As a leadership coach, I encourage managers to speak candidly and tell relatable stories about past party faux pas. It can effectively break the ice and make a cogent point about always using good judgment. Here’s my story: I was a young HR leader at a party where people were dancing, and someone over-indulged and tripped over a long dress, leading to an ambulance call and heaps of paperwork. The lesson is that you can drink a Cosmo Martini or dance barefoot to the Black Eyed Peas while wearing a beautiful gown, but don’t do both when the CEO is around.
Honest stories also reinforce the need for self-regulation in festive settings without HR having to intervene constantly. For once, you can enjoy yourself at a party!
Serving Fun for Everyone
Do you think the most significant holiday party risk is “Judy from accounting,” who is known for overdoing it? She’s had a tough year, but the real issue is creating an event that pressures people to drink alcohol even when they would prefer another option.
In my research, I’ve discovered a notable trend: an increasing number of employees want to opt out of alcohol at workplace events. Supporting this observation, Niznik Behavior Health reports that 35% of employees prefer to abstain from drinking in such settings. However, a worrying pattern emerges: 15% of these individuals still drink due to social pressure.
The issue extends even to those who usually enjoy alcohol, with 28% feeling pressured to drink alongside their co-workers. Further underscoring the dilemma, a whopping 45% of employees worry about being judged negatively for avoiding alcohol-centric events, and 20% feel a sense of obligation to drink if their boss does.
The dilemma deepens for non-drinkers: 22% fabricate excuses to skip events where alcohol is served, 5% avoid such work gatherings entirely, and another 12% pretend to drink at these functions. The data highlight the complex social dynamics around alcohol at work functions.
But how do we address the role of alcohol and still have fun at year-end gatherings? Reflecting a broader societal shift toward health and inclusivity, zero-proof beverages are becoming increasingly popular at corporate events. Non-drinkers generally have limited options: sparkling water, soda, and maybe lemonade. But companies can do better. There are better options available, especially for festive occasions.
Try serving something fresh, entertaining, and fun. And serve more than one choice. Sophisticated drink options include mocktails such as alcohol-free mojitos, elegant non-alcoholic wines, and creative concoctions like ginger-beer-based Moscow Mule variants. Offering such choices caters to non-drinkers and shows respect for diverse lifestyles and preferences. Even consider asking workers to vote on their favorite mocktail.
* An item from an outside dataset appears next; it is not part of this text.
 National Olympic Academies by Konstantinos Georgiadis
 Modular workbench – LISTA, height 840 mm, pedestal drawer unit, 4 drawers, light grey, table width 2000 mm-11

I promise some drinkers will enjoy the variety, too.
Celebrate Responsibly and Have Fun, Too
Year-end holiday parties are more than just festive gatherings — they bridge professional and personal worlds. Gone are the days when these gatherings were centered around terrible appetizers and an open bar. Now, they’re evolving into something everyone can enjoy, regardless of their drink preferences.
HR professionals play a pivotal role in this evolution. By advocating for responsible consumption, offering various drink options, and fostering an environment of inclusivity and respect, HR can create a safer, more enjoyable experience for all employees.
My year-end hope for you is to embrace these changes, lead by example, and help shape a holiday party that aligns with the values and culture of your workplace. And I genuinely hope you get creative and try some fizzy mocktails, too!